** Opening Task input block **
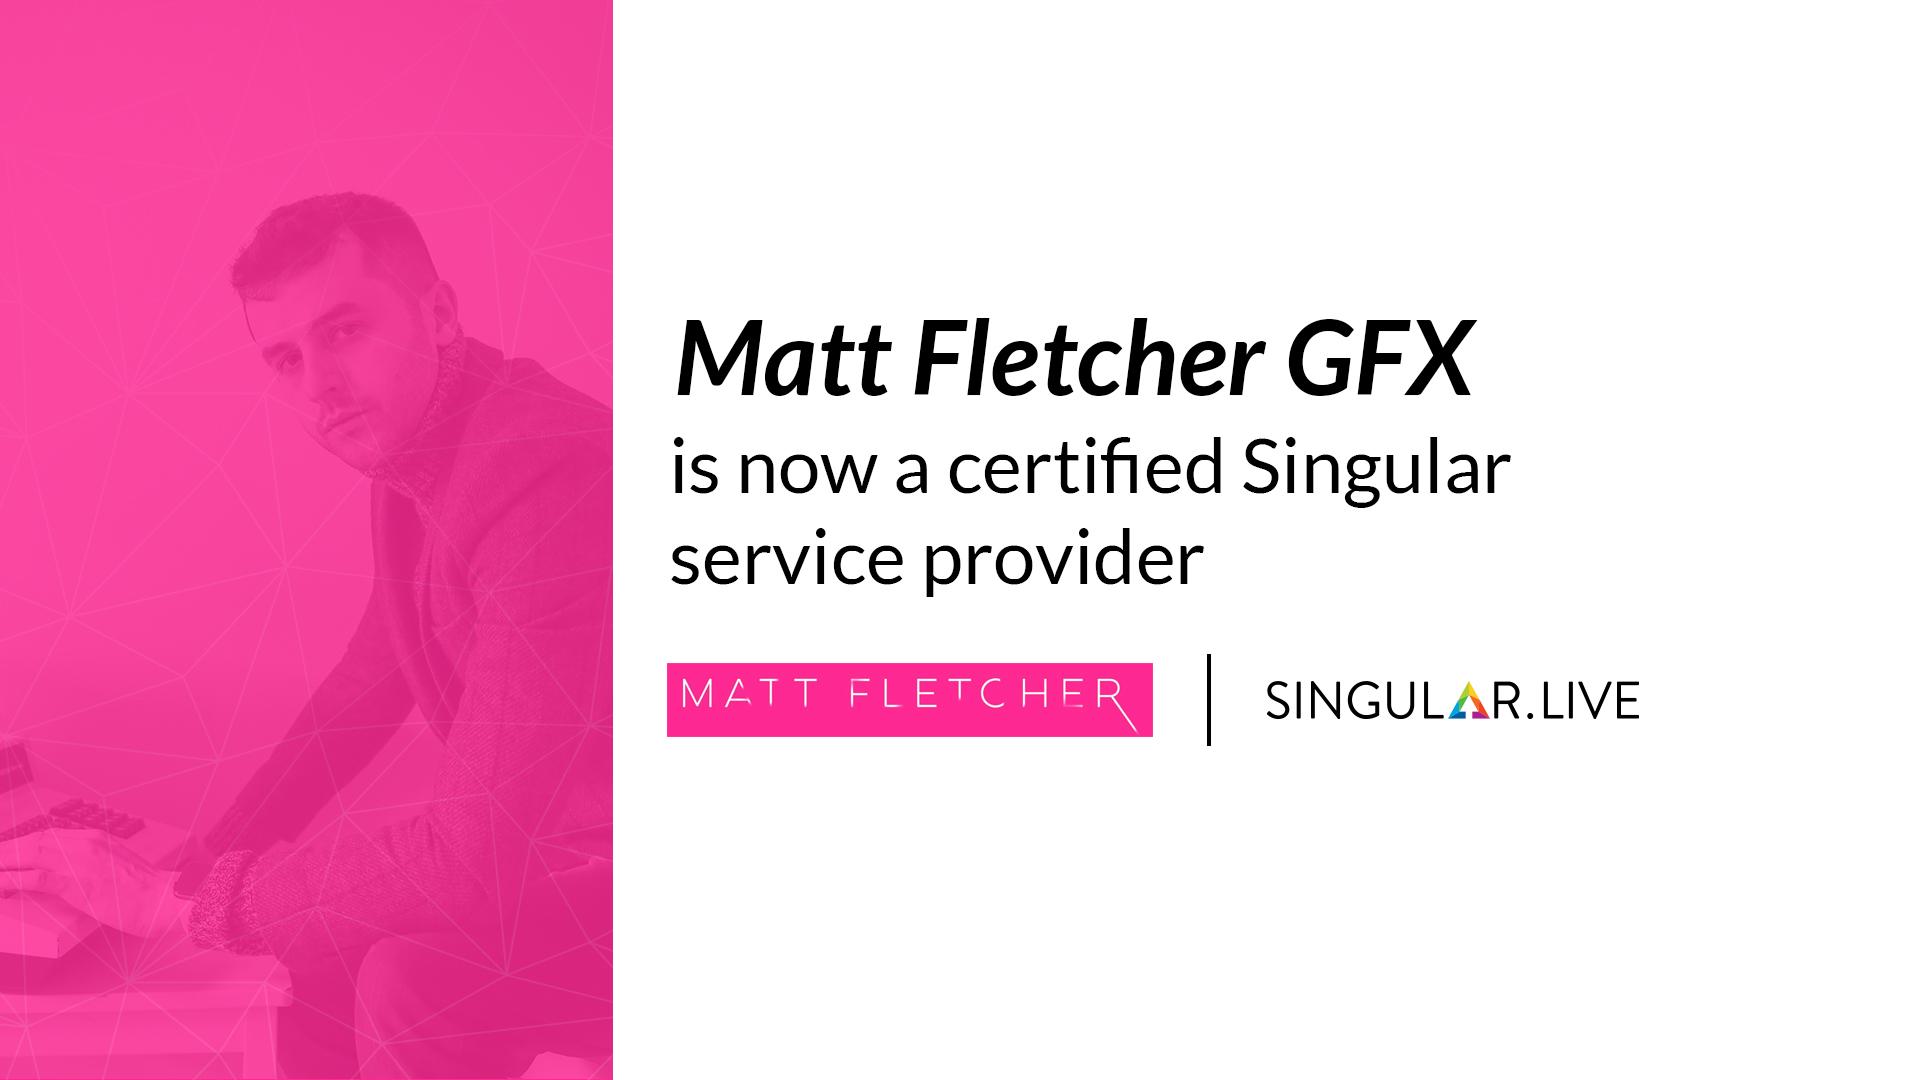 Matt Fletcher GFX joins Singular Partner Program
** Closing Task input block **
** Opening Task input block **
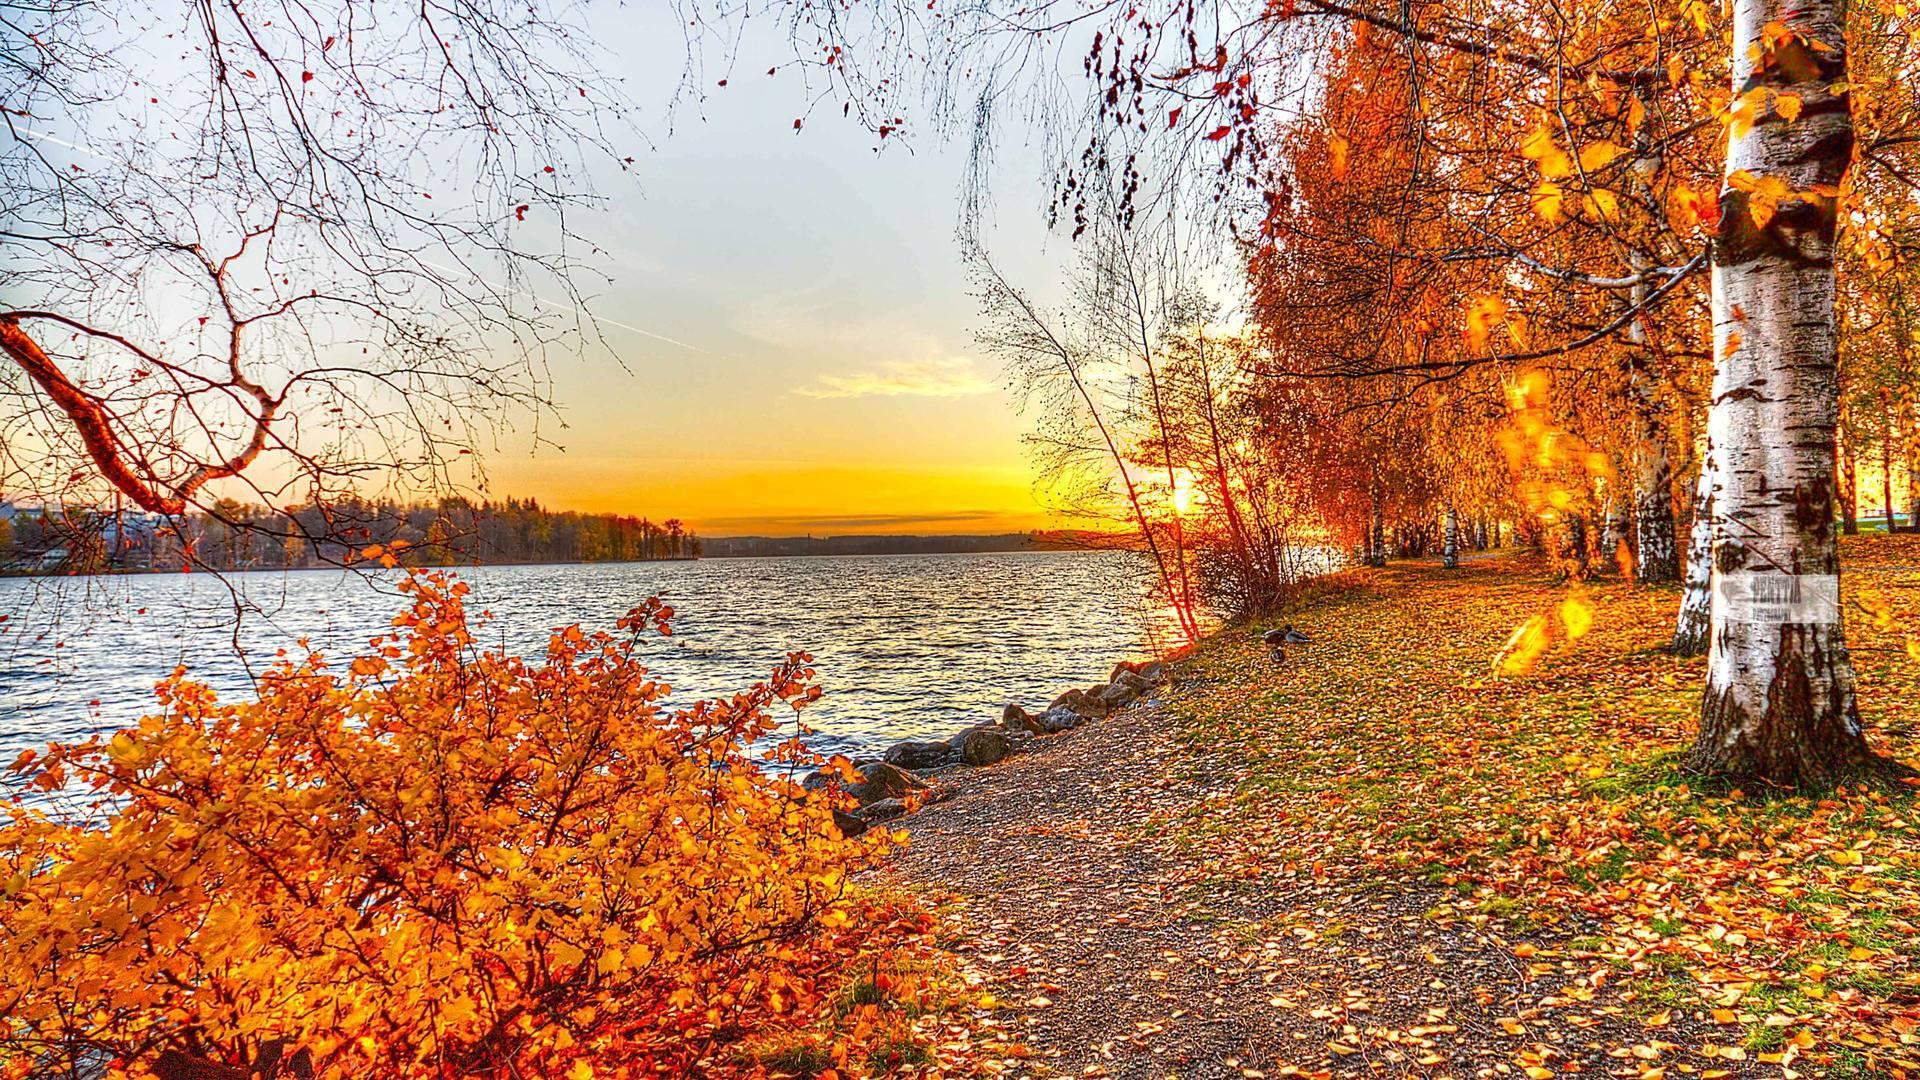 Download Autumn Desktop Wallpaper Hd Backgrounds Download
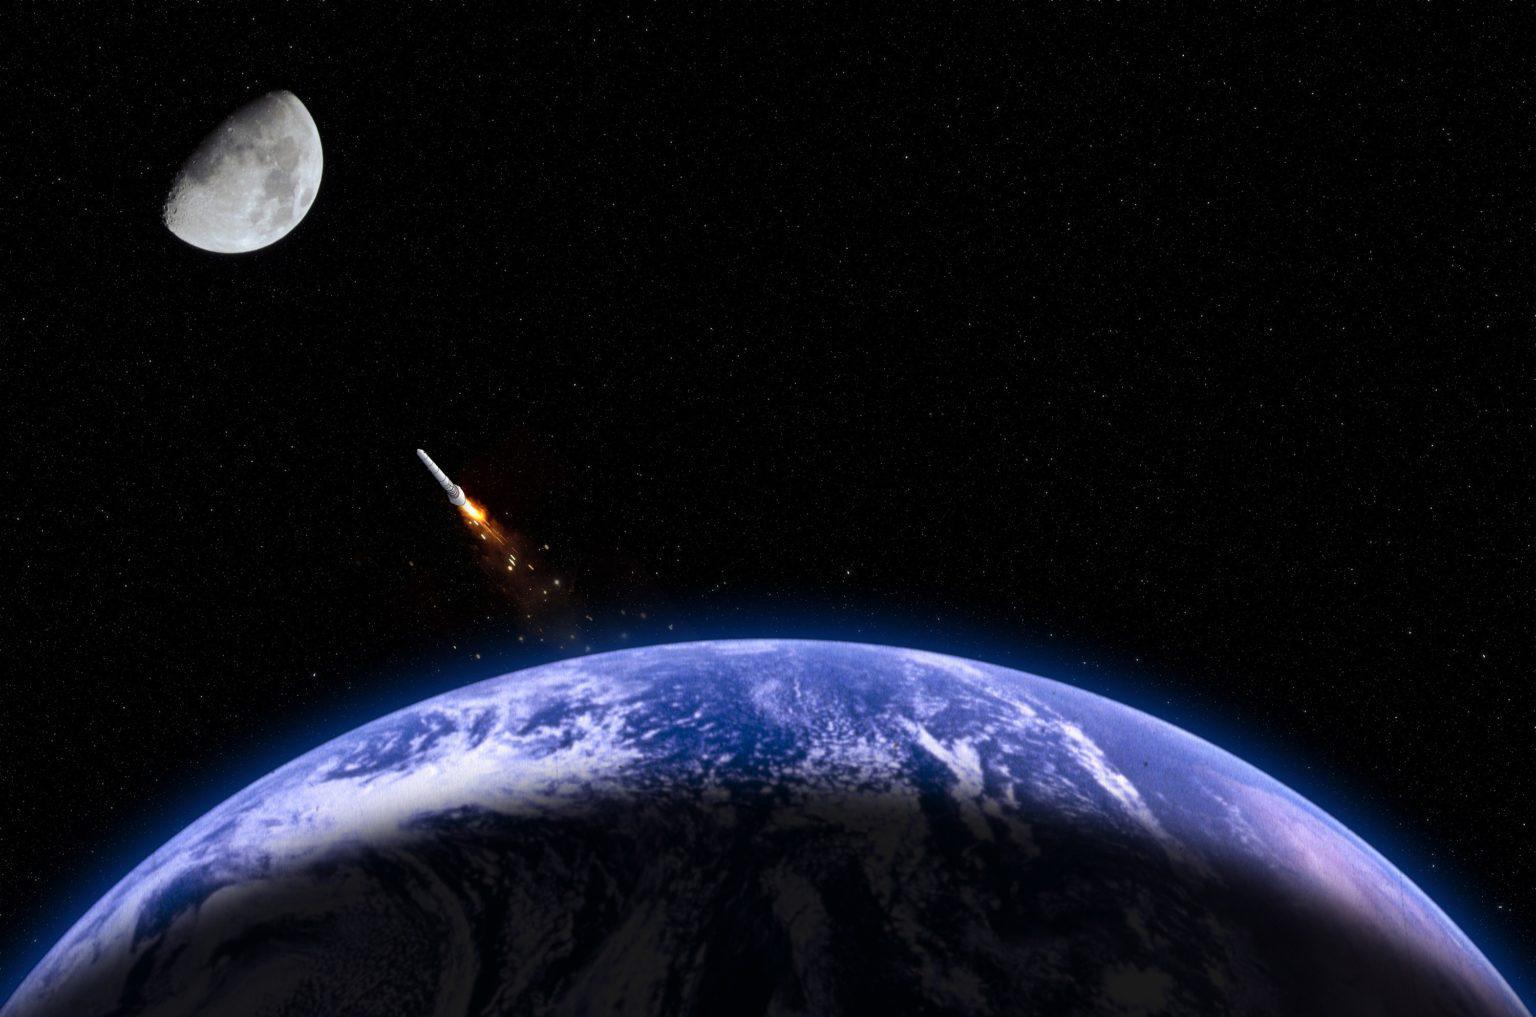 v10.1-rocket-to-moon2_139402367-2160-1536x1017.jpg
** Closing Task input block **
** Opening Task input block **
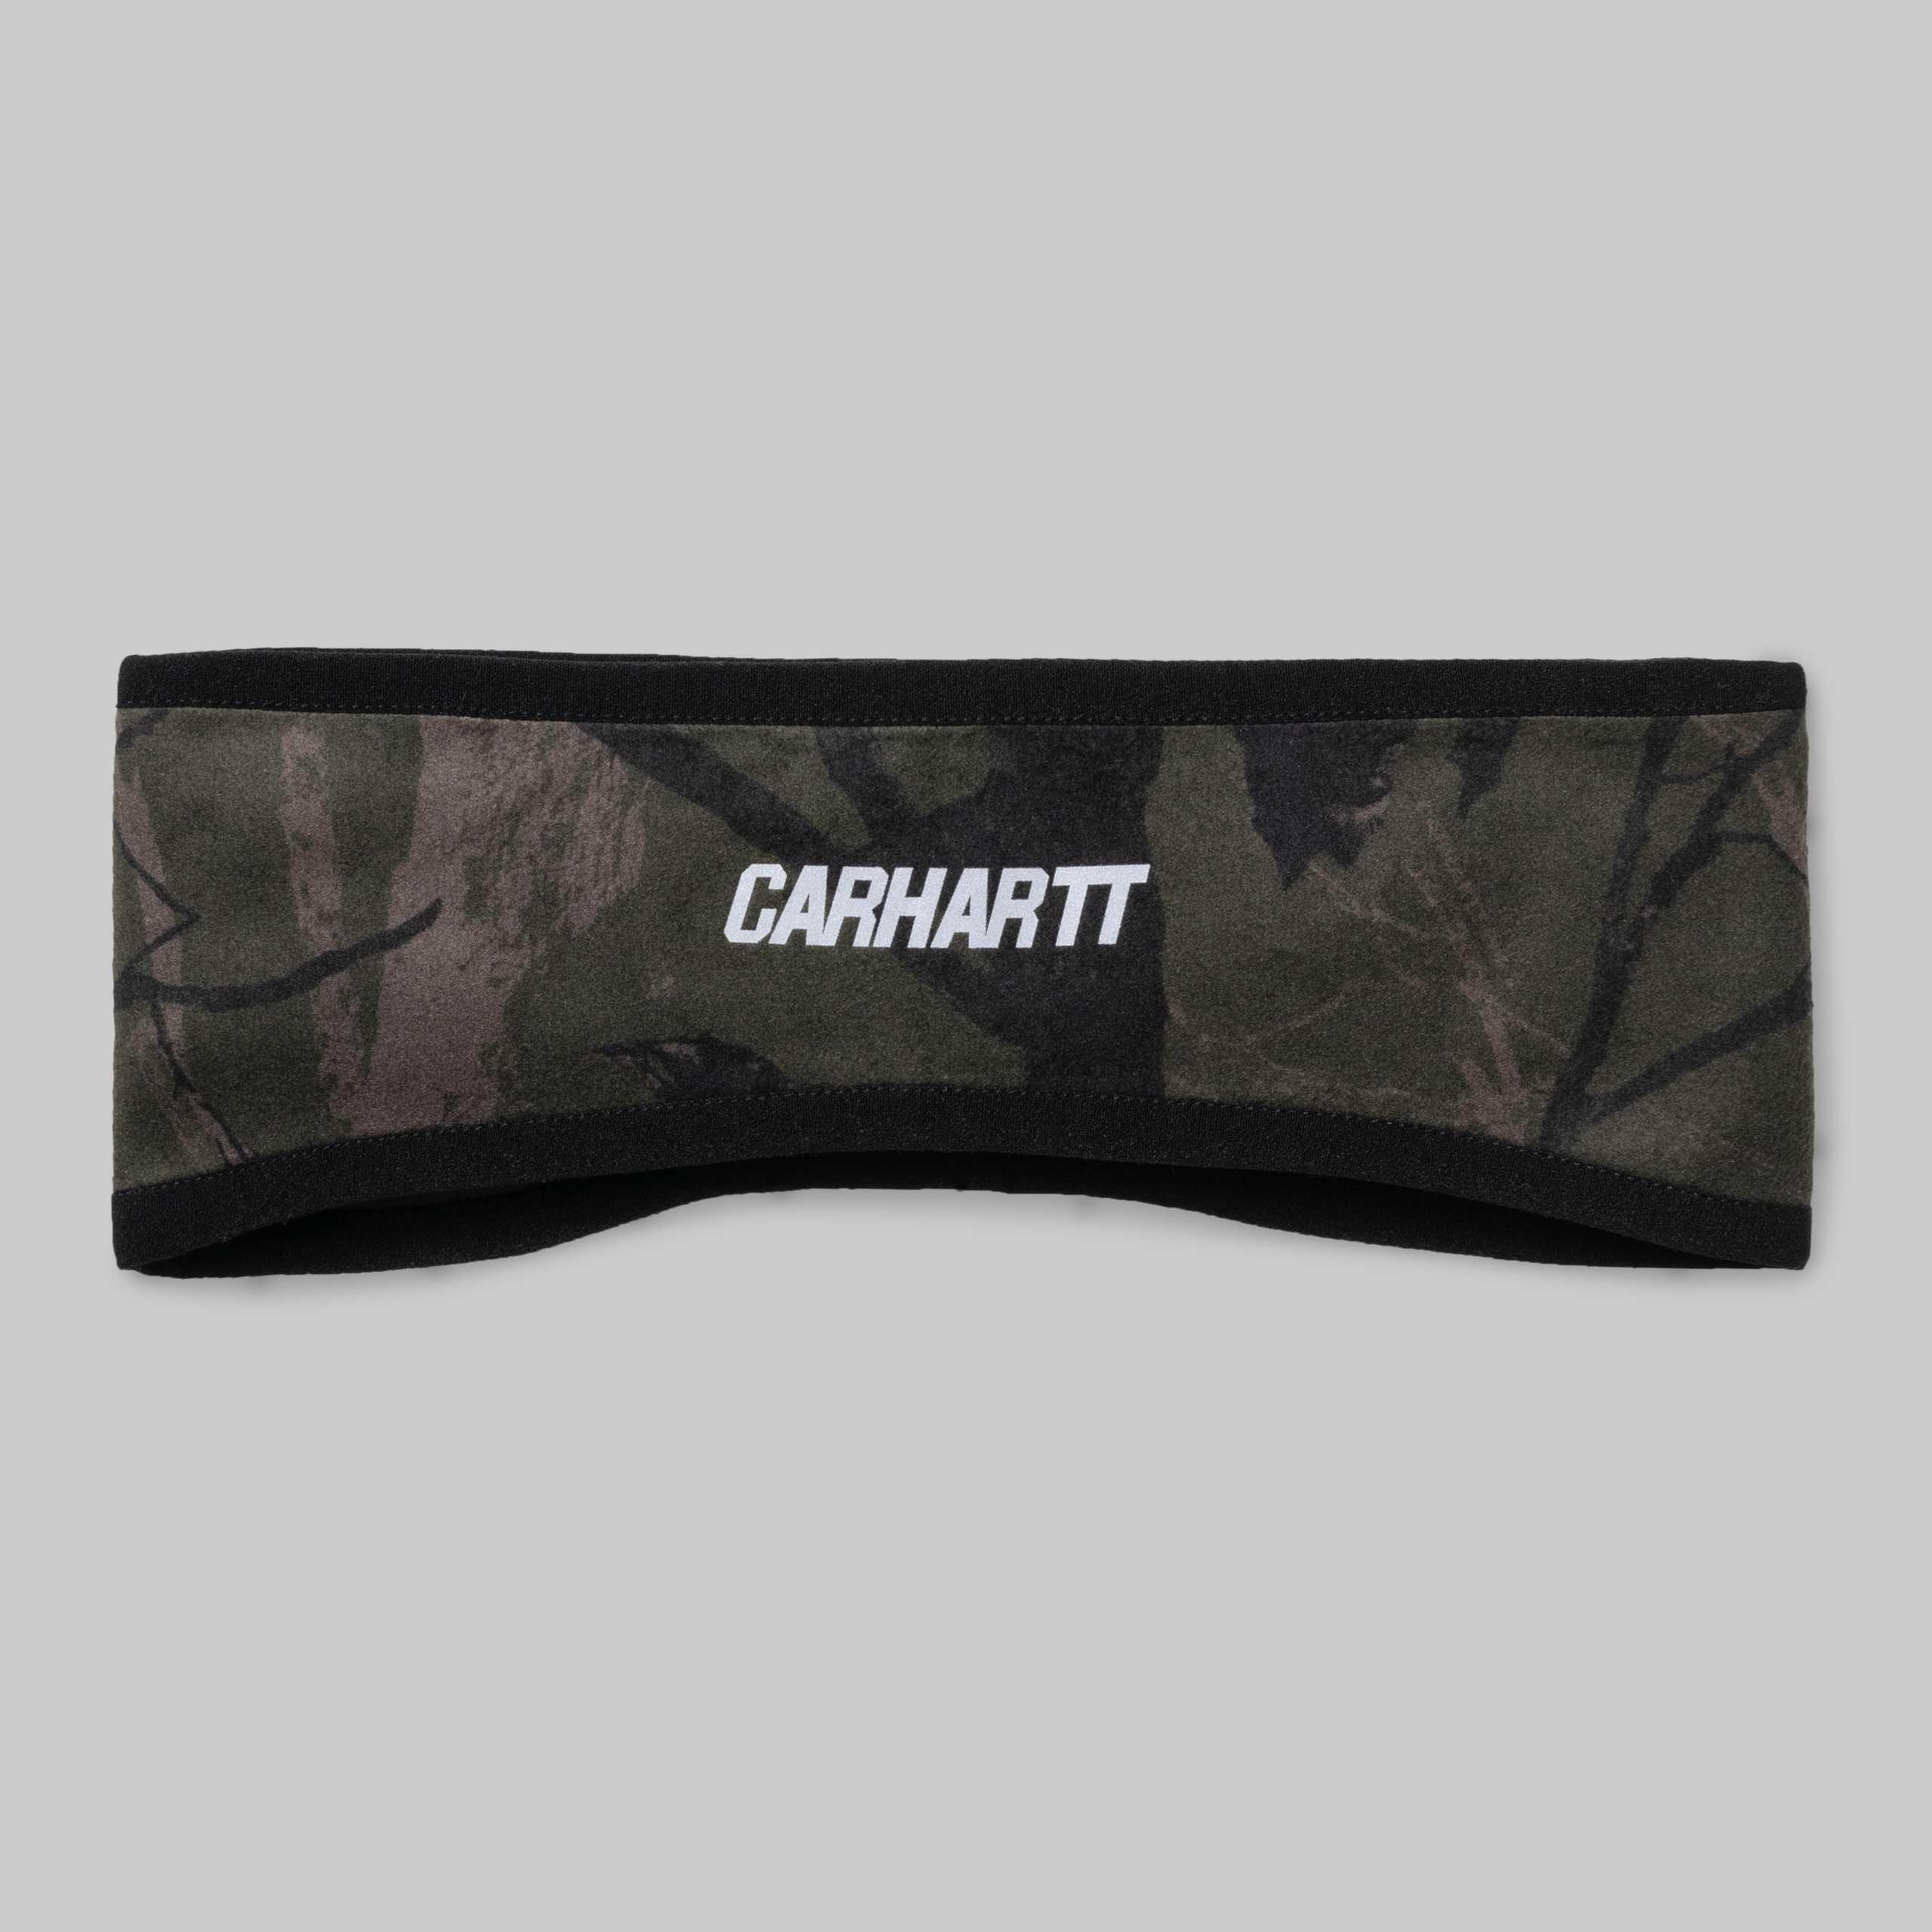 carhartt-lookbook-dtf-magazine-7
** Closing Task input block **
*Task details*
Make an exact copy of the lines above, beginning with the line with "Download Autumn Desktop" and ending with the line with "v10.1-rocket-to-moon2_139402367-2160-1536x1017.jpg", and keep the pictures out of it.

*Written solution*
 Download Autumn Desktop Wallpaper Hd Backgrounds Download
 v10.1-rocket-to-moon2_139402367-2160-1536x1017.jpg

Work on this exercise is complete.